1. gelombang Q yang abnormal


a) Gelombang Q yang dalam di sadapan prekordial kiri terlihat pada hipertrofi ventrikel akibat
kelebihan beban volum.
b) Gelombang Q yang dalam dan lebar terlihat pada infark miokard dan fibrosis miokard.
c) Adanya gelombang Q di V1 terlihat pada RVH berat, inversi ventrikel, single ventrikel, dan
kadang-kadang juga pada neonatus.
d) Gelombang Q yang tak terlihat pada V6 terjadi pada inversi ventrikel.

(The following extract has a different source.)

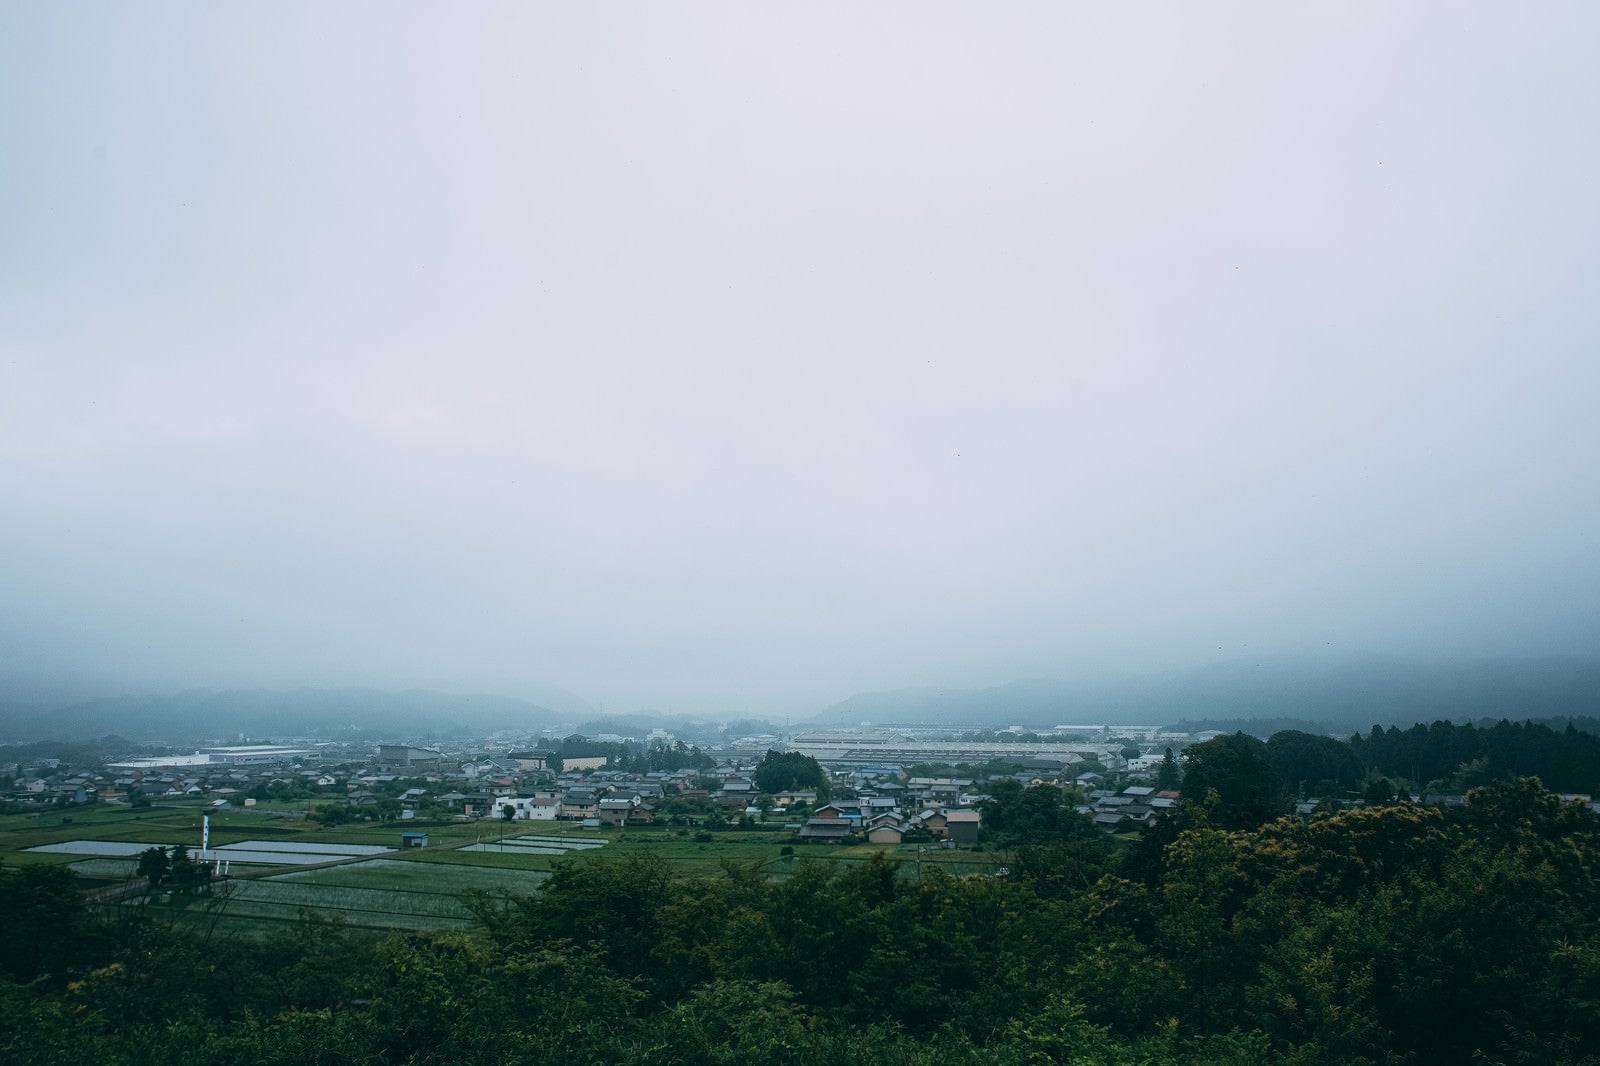 「笹尾山展望デッキから、雨で霞む現在の関ケ原を眺める」の写真

1. Segmen ST dan gelombang T.

1. Depresi segmen ST terjadi pada perikarditis, iskemia atau infark miokard, hipertrofi ventrikel
yang berat dengan strain, dan efek digitalis. Umumnya depresi segmen ST disertai gelombang T
yang terbalik.

2. Gelombang T yang tinggi terlihat pada hiperkalemia, LVH akibat kelebihan volum, dan
cerebrovascular accident. Gelombang T yang datar atau rendah terlihat pada neonatus yang
normal, atau pada hipotiroid, hipokalemia, efek digitalis, perikarditis, miokarditis, iskemia
miokard, hiperglikemia atau hipoglikemia.